#### [The input]
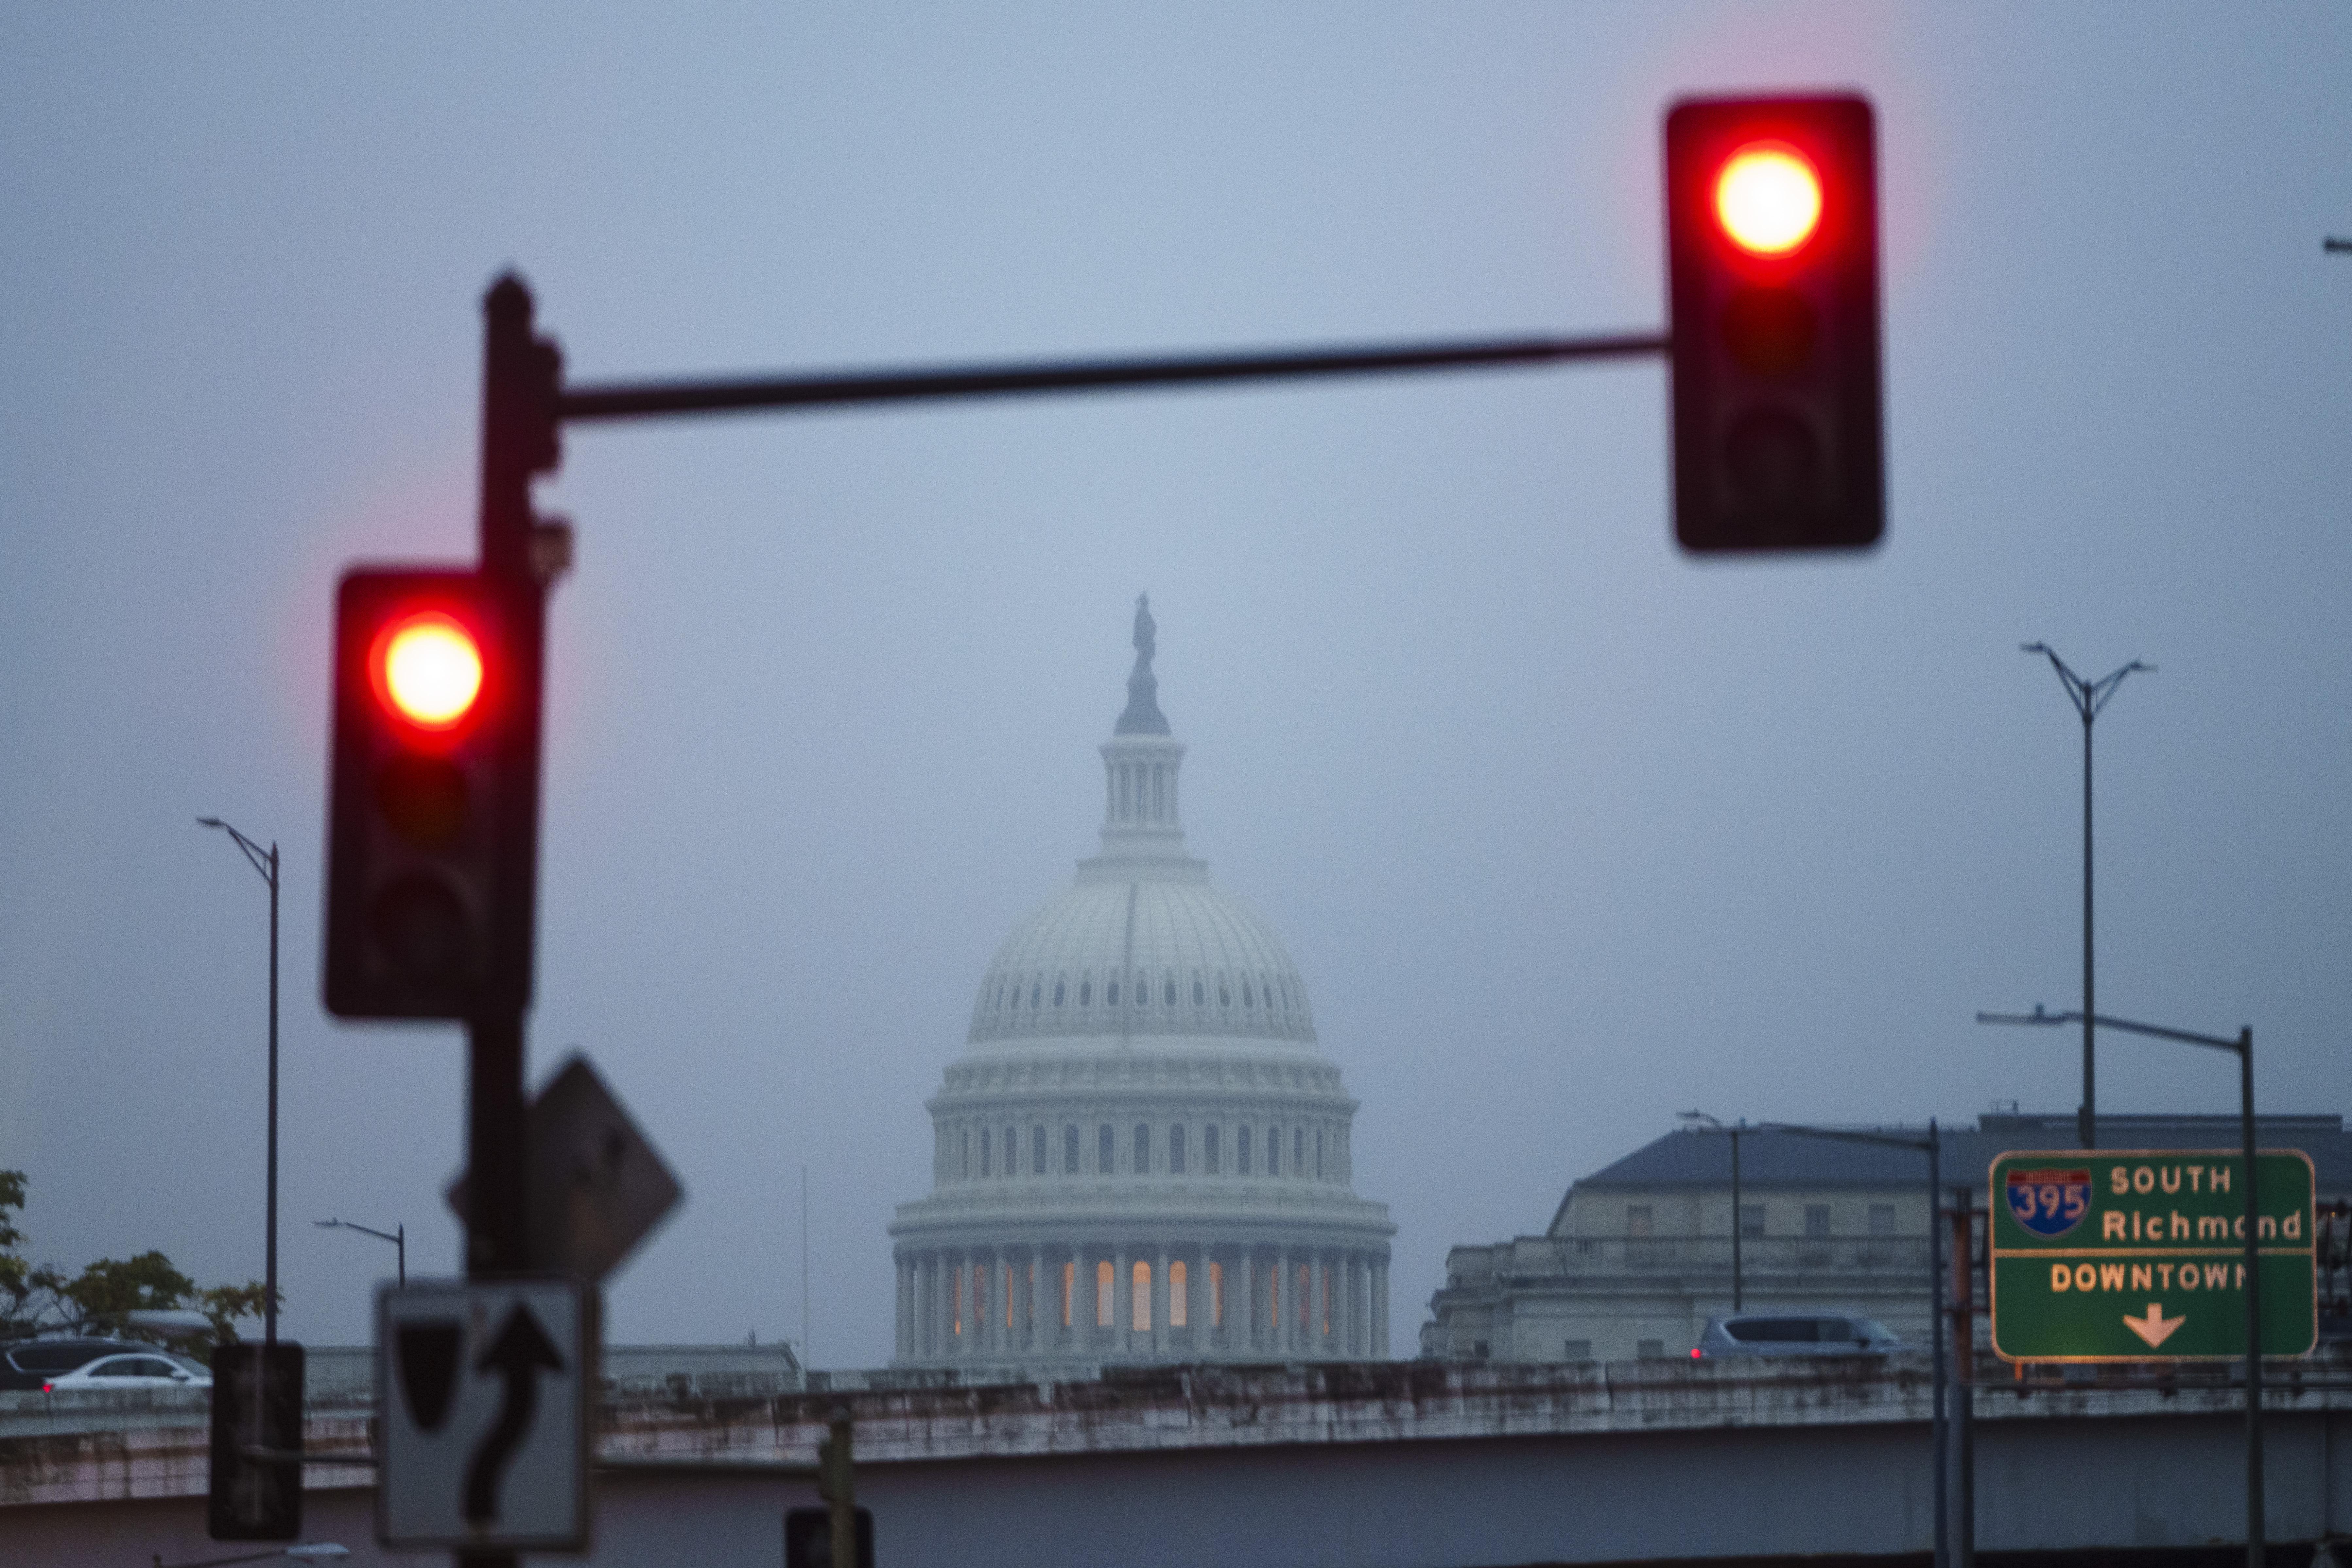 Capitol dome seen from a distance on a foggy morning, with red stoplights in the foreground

==

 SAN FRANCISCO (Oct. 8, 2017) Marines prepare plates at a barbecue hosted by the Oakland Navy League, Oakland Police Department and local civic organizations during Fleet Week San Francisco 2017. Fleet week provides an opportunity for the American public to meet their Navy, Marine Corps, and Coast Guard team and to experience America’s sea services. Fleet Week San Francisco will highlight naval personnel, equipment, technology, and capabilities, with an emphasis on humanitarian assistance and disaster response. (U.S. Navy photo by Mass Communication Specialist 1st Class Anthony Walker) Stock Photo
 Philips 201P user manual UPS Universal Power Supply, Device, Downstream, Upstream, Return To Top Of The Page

---

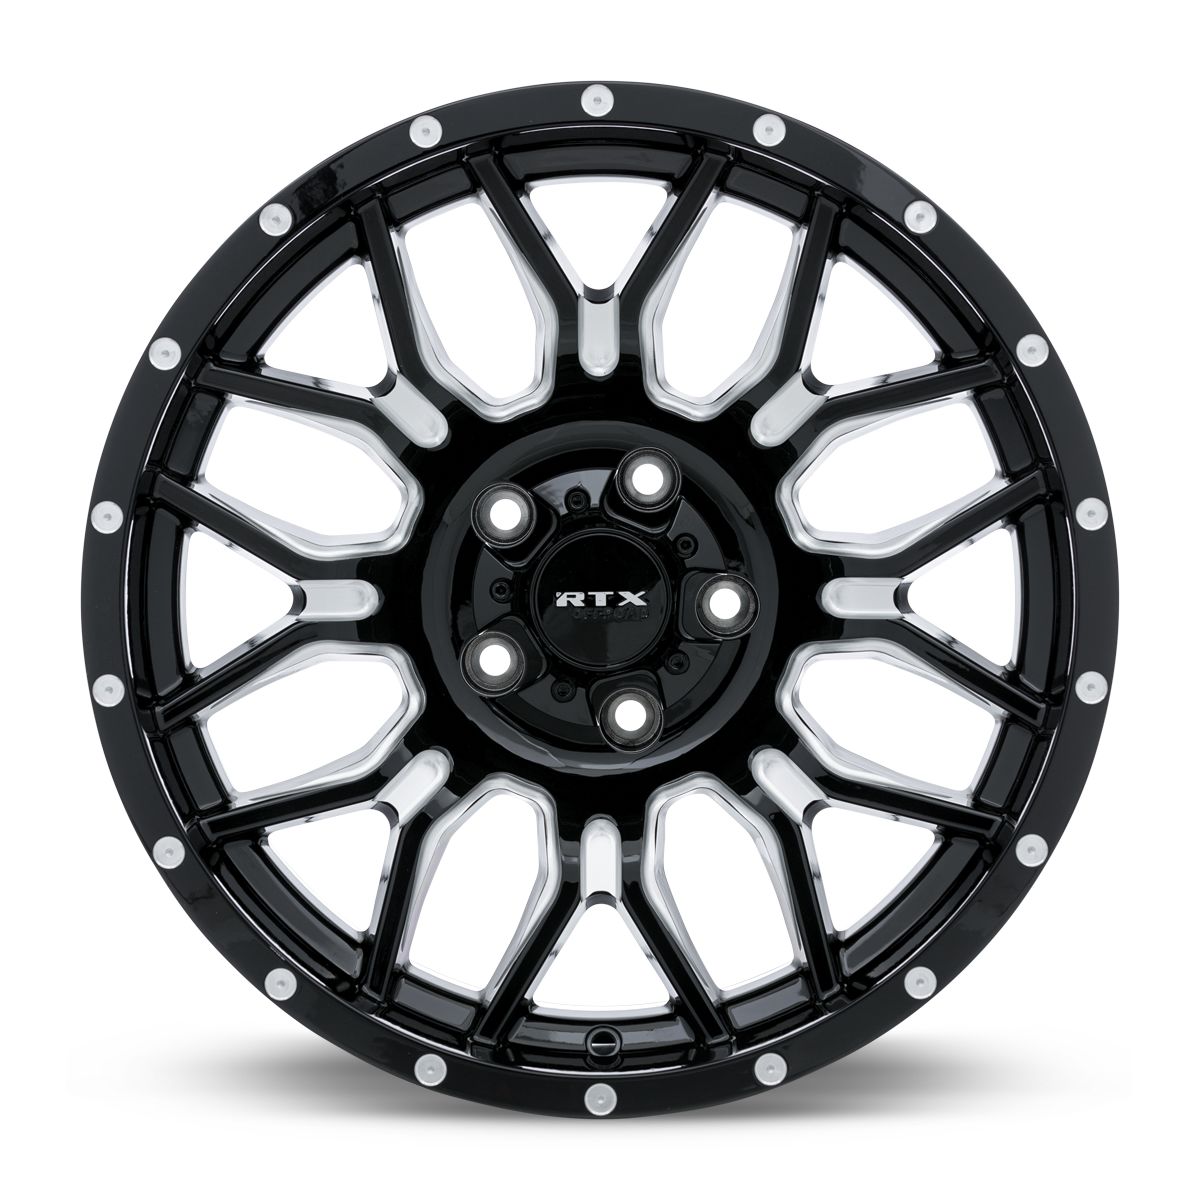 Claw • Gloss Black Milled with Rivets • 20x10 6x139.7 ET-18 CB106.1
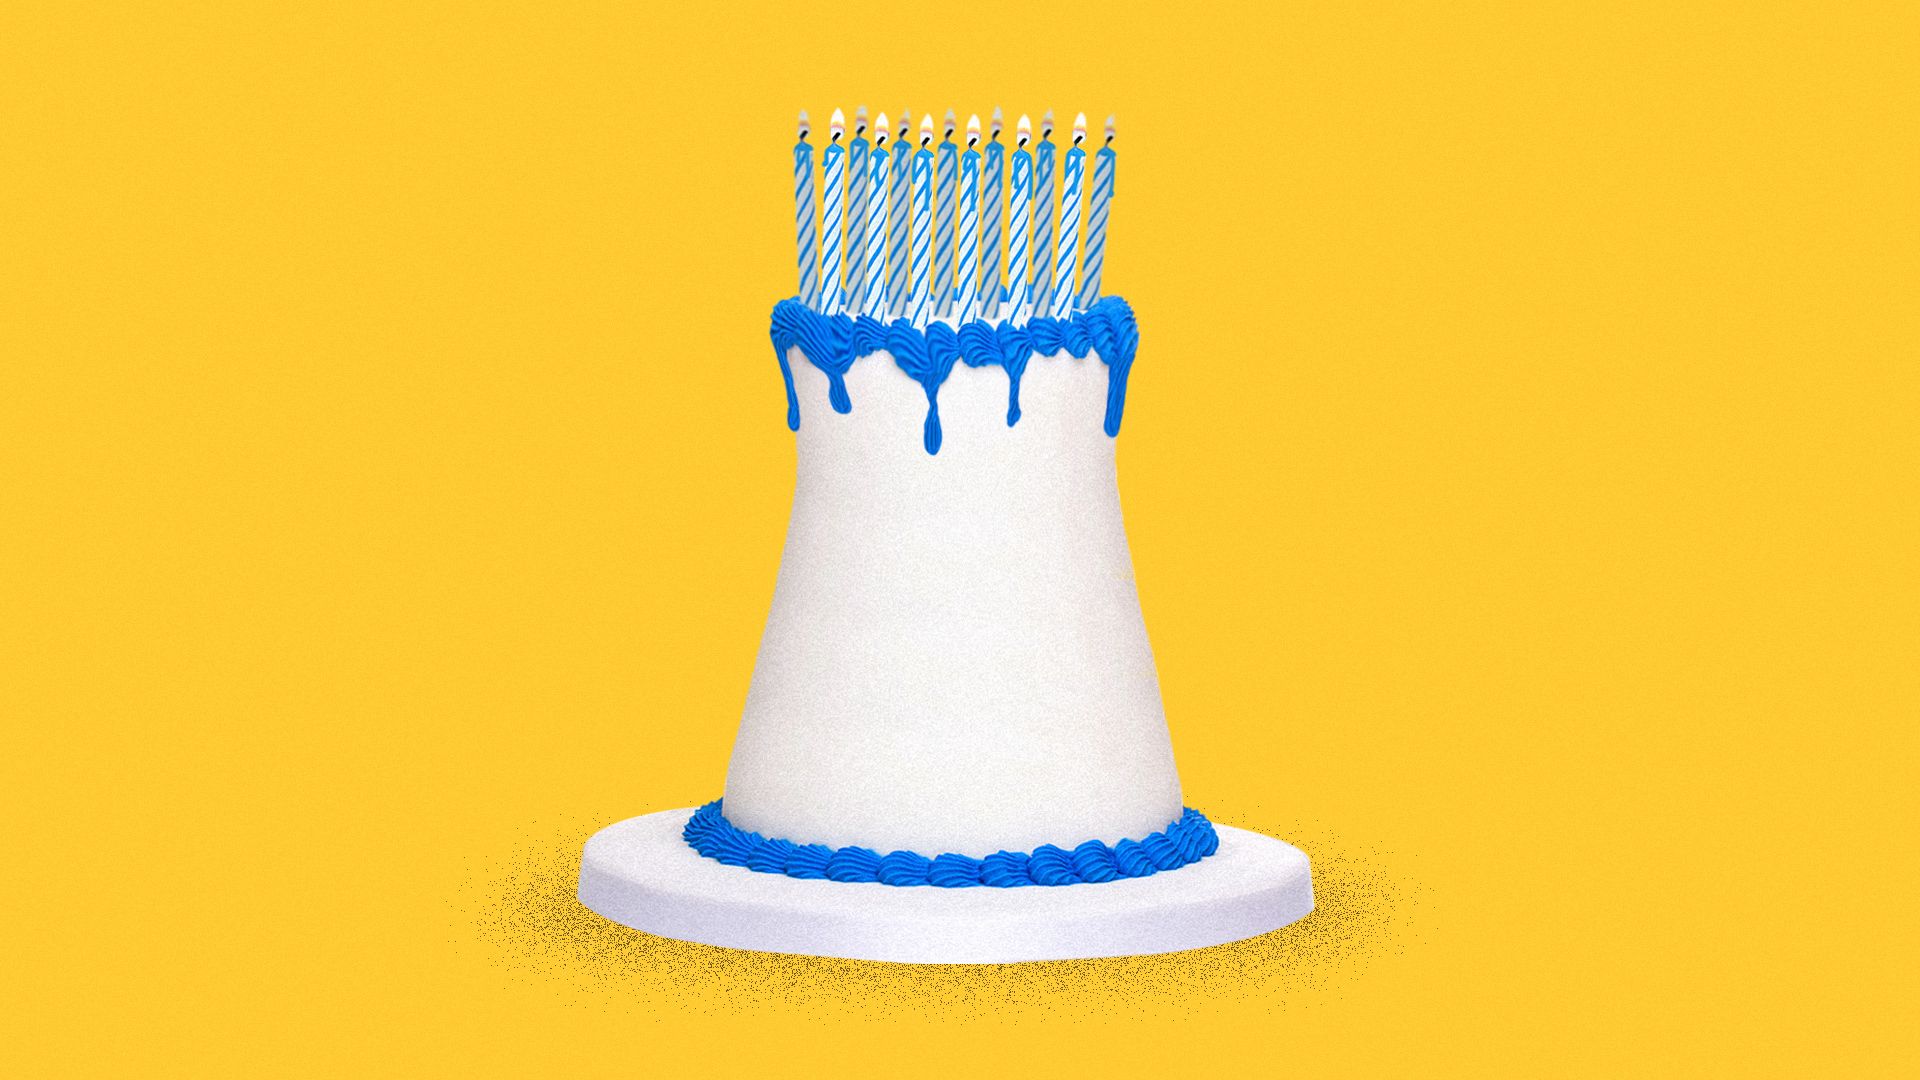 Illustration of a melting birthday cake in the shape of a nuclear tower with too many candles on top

#### [Task brief]
Give back exactly the lines of the listing above that run from the line with "SAN FRANCISCO (Oct." to the line with "Philips 201P user", inclusive.

#### [Exercise response]
 SAN FRANCISCO (Oct. 8, 2017) Marines prepare plates at a barbecue hosted by the Oakland Navy League, Oakland Police Department and local civic organizations during Fleet Week San Francisco 2017. Fleet week provides an opportunity for the American public to meet their Navy, Marine Corps, and Coast Guard team and to experience America’s sea services. Fleet Week San Francisco will highlight naval personnel, equipment, technology, and capabilities, with an emphasis on humanitarian assistance and disaster response. (U.S. Navy photo by Mass Communication Specialist 1st Class Anthony Walker) Stock Photo
 Philips 201P user manual UPS Universal Power Supply, Device, Downstream, Upstream, Return To Top Of The Page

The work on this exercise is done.